Je vous confirme l’engagement d’OSEO, qui propose d'accompagner la mise en place de l'EIRL. OSEO offrira à la banque une garantie à hauteur de 70 % des crédits. La banque s'engageant pour sa part à ne retenir que les garanties sur les actifs affectés à l'activité, et pas les biens personnels de l’entrepreneur. Cette garantie aura un coût, bien sûr, estimé à 1,20 % de l’encours par an. Mais ce coût est raisonnable au regard de la sécurisation qu’elle apporte aux différentes parties prenantes, l’entrepreneur d’une part et l’établissement bancaire de l’autre.
Michel HOUEL et la commission de l’Economie ont aussi souhaité s’appuyer sur ce texte pour opérer la fusion des entités juridiques d’OSEO. Je souscris à cette démarche, qui renforcera l’efficacité de l’action d’OSEO à destination des entreprises individuelles. La crise a démontré, sur le terrain, l'intérêt et la pertinence d'un véritable "guichet unique" au service des entrepreneurs, pour les aider à innover et se développer. Ce guichet unique, s'il existe sur le terrain, il reste à le traduire définitivement dans la réalité juridique de l'organisation du groupe, héritée du passé (BDPME, Sofaris, ANVAR) pour éliminer les multiples circuits administratifs, comptables, financiers qui n'apportent aucune plus-value, bien au contraire.
J’attends de cette opération un meilleur service d’OSEO en faveur des entreprises bénéficiaires, ainsi que la réalisation d’économies (environ 3,8 M€ par an) grâce aux gains de productivité qui seraient générer.
Pour réussir, l’EIRL aura aussi besoin d’être accompagné. Un dispositif nouveau, pour s’imposer, doit être valorisé, promu, mais plus simplement encore doit faire l’objet de conseils pour que les futurs bénéficiaires soient éclairés et rassurés.
Aussi, je vous annonce aujourd’hui que nous signerons d’ici la fin du mois un partenariat avec l’ordre des experts comptables, afin de créer un site internet qui, à l’instar de ce qui avait été réalisé pour l’auto-entrepreneur, deviendra le guichet de renseignement, de promotion et de conseil pour l’ensemble des professionnels. Ce site, opérationnel dès le mois de mai, s’intitulera www.infoeirl.fr.

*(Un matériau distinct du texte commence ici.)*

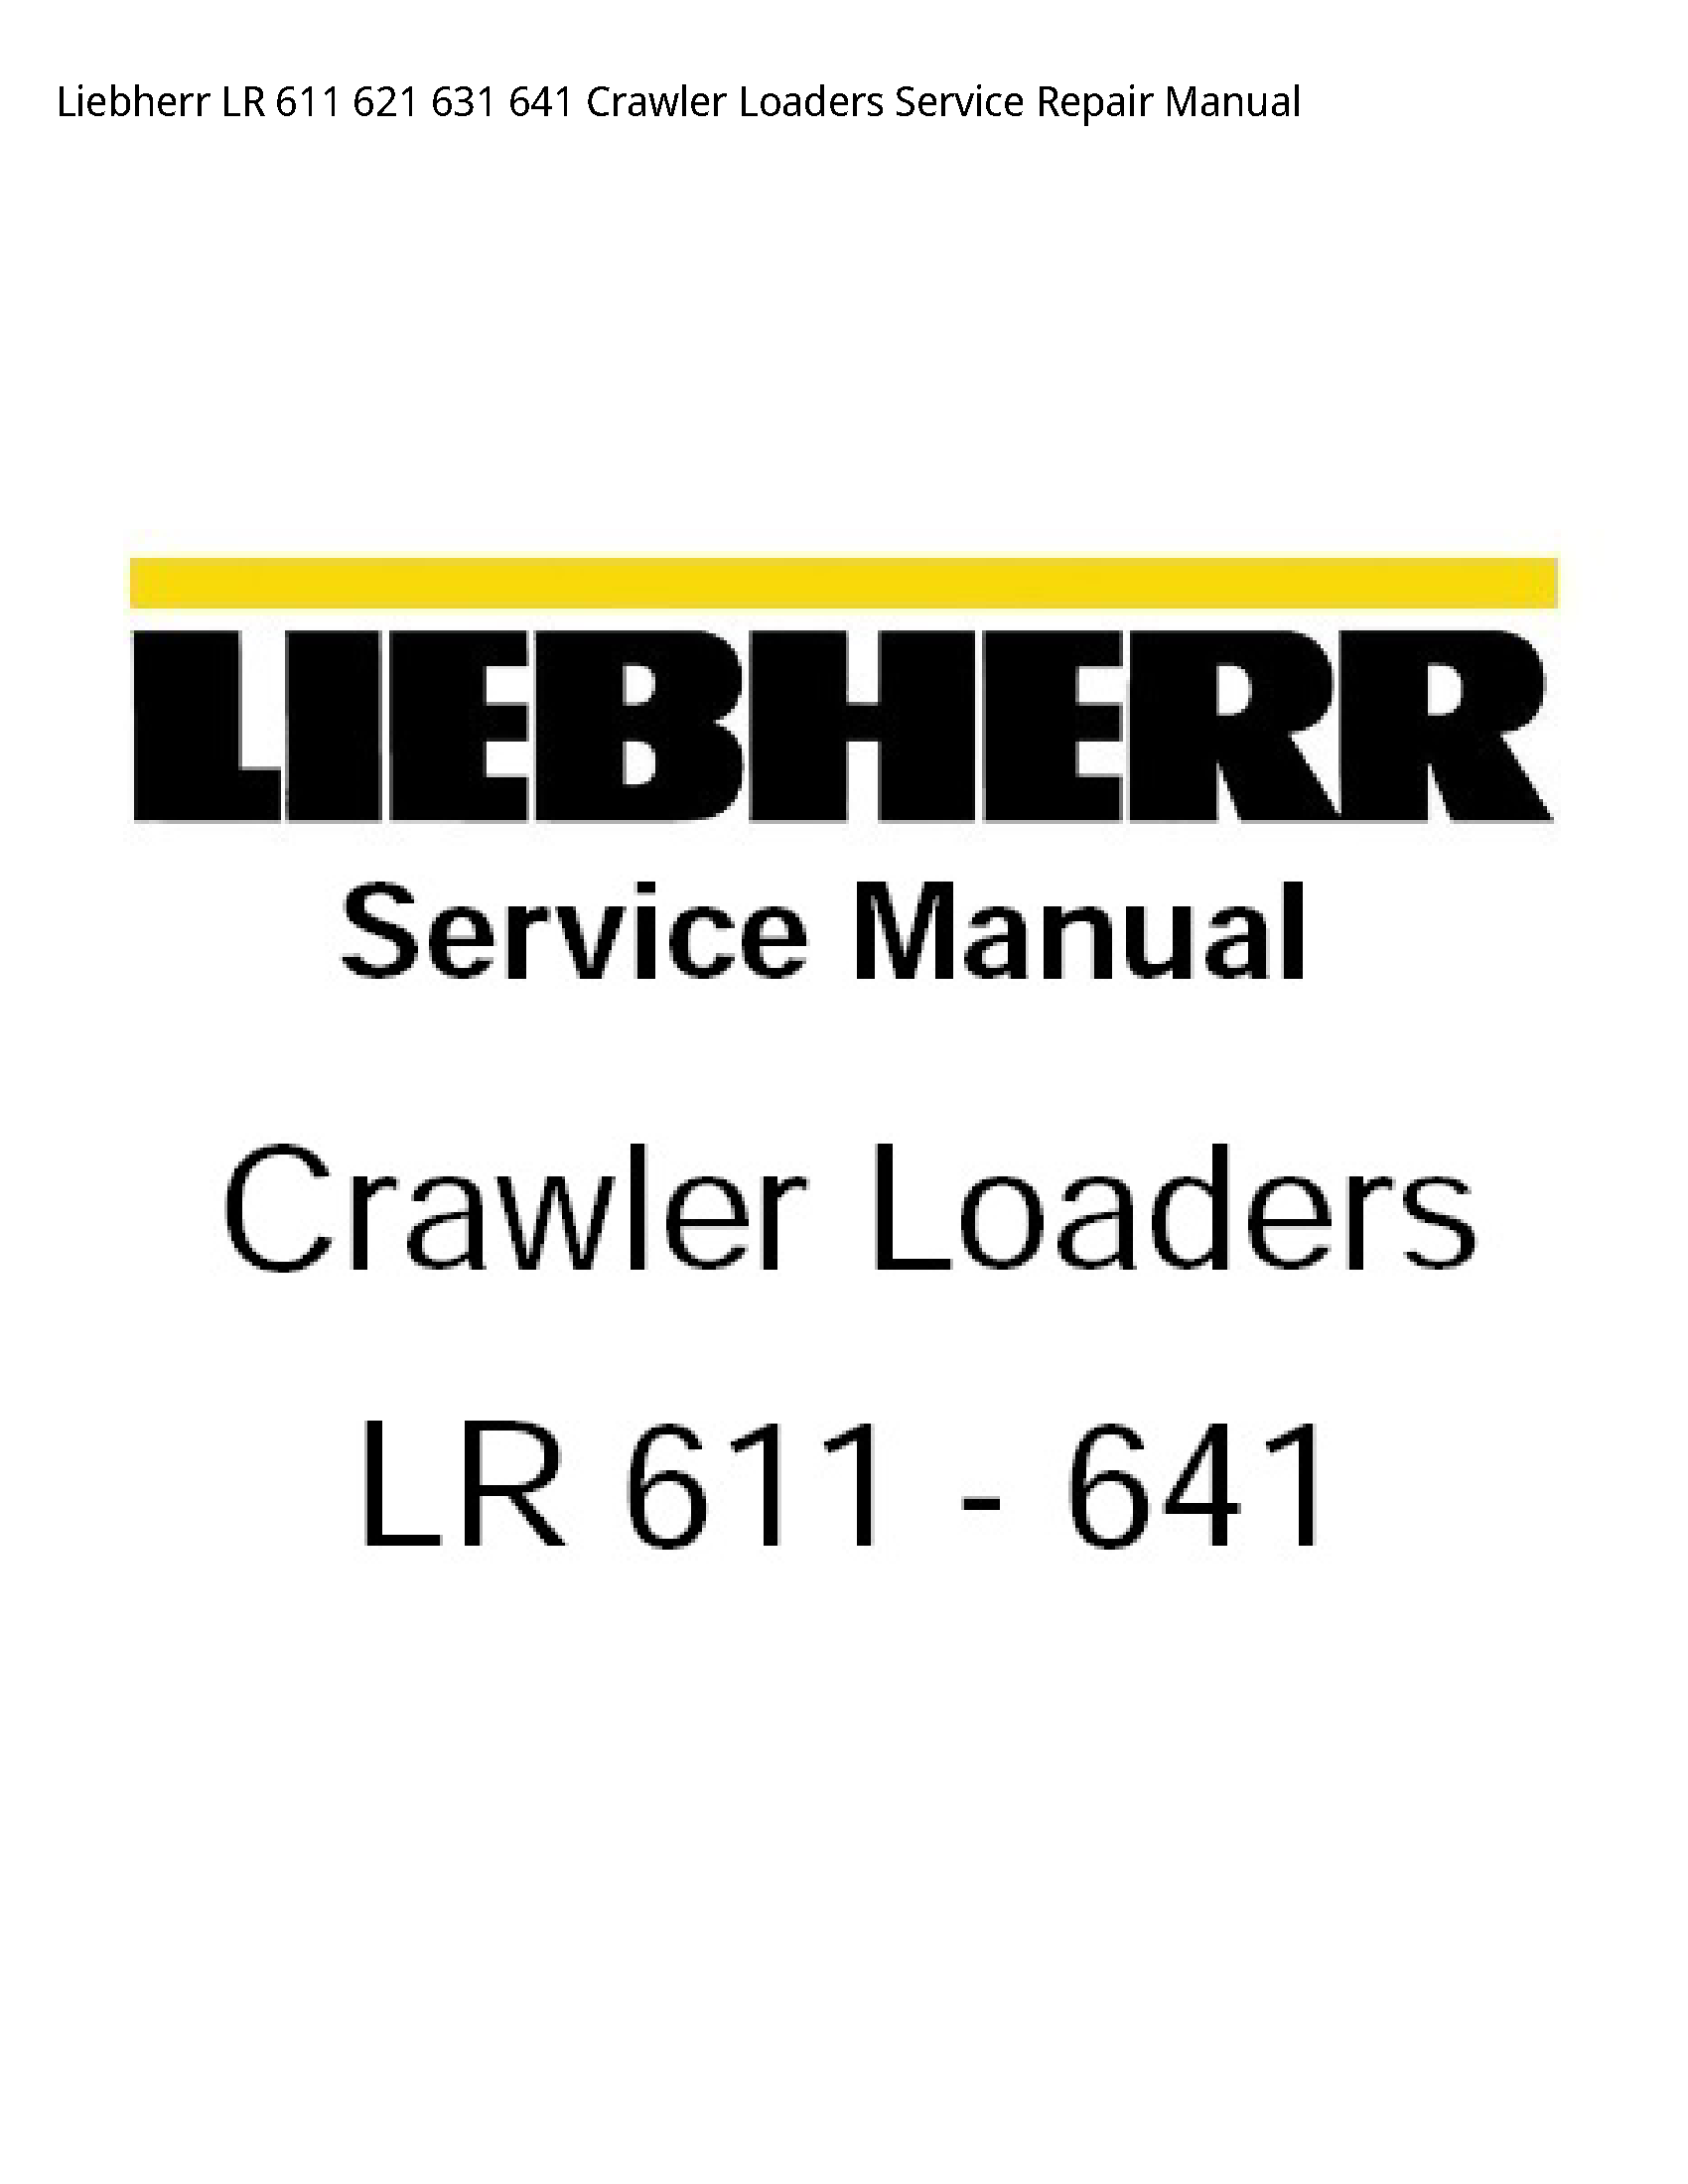 Liebherr 611 LR Crawler Loaders manual
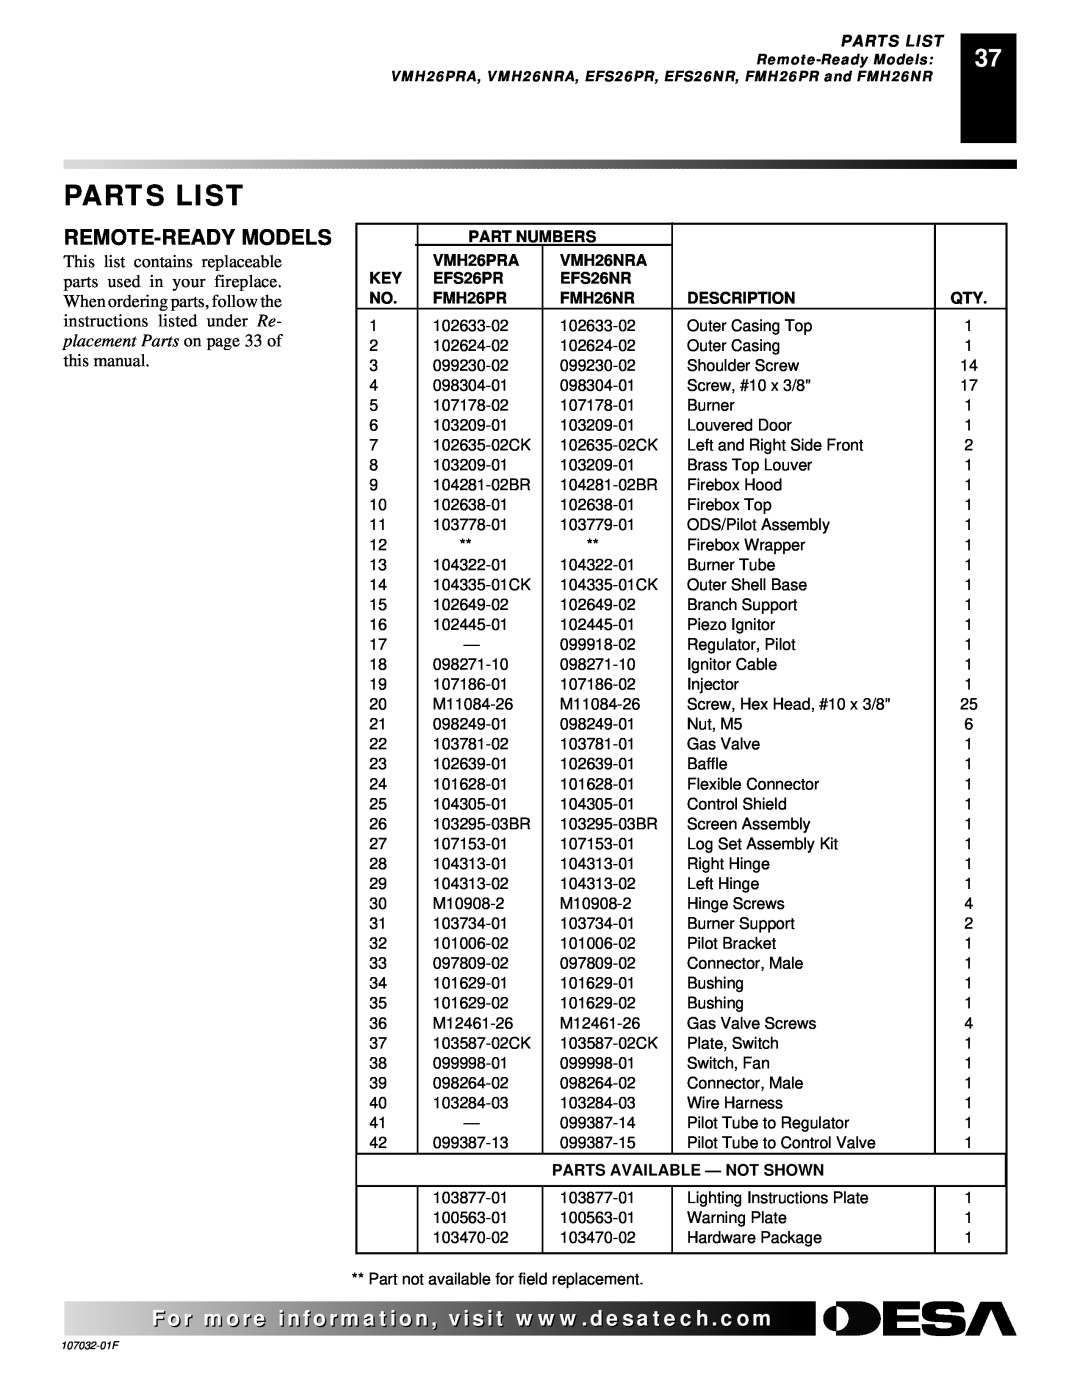 Desa VMH26PRA Remote-Readymodels, Parts List, Part Numbers, VMH26NRA, EFS26PR, EFS26NR, FMH26PR, FMH26NR, Description

Dans le même esprit, je compte m’appuyer sur les réseaux consulaires pour qu’ils promeuvent ce statut auprès de leurs adhérents.
En conclusion, Mesdames et Messieurs les Sénateurs, je voudrais vous dire que nous avons l’occasion de répondre à une demande historique – et légitime – des artisans et des commerçants. Ce n’est pas seulement le Ministre qui vous parle ici, mais aussi l’ancien porte parole et rapporteur des lois MADELIN en 1993 et de la loi DUTREIL en 2004. A chaque fois, l’entreprise à patrimoine affecté nous avait été présentée par les professionnels comme la mesure essentielle à adopter, comme la revendication numéro 1 des artisans. Aujourd’hui nous avons l’occasion d’accéder à cette demande, après un combat dont il ne faut pas sous-estimer l’intensité. Je veux que les professionnels, en premier lieu les artisans et leurs organisations professionnels, s’emparent de cette avancée, en fassent la promotion et contribuent à son succès en relayant l’information sur le terrain. La réussite de cette mesure se jugera au nombre d’EIRL créée, bien sûr, mais aussi surtout à la fin de ces situations tragiques de petits entrepreneurs qui après un coup durs se voyaient ruinés financièrement, et souvent psychologiquement et humainement.
Je vous remercie de votre attention.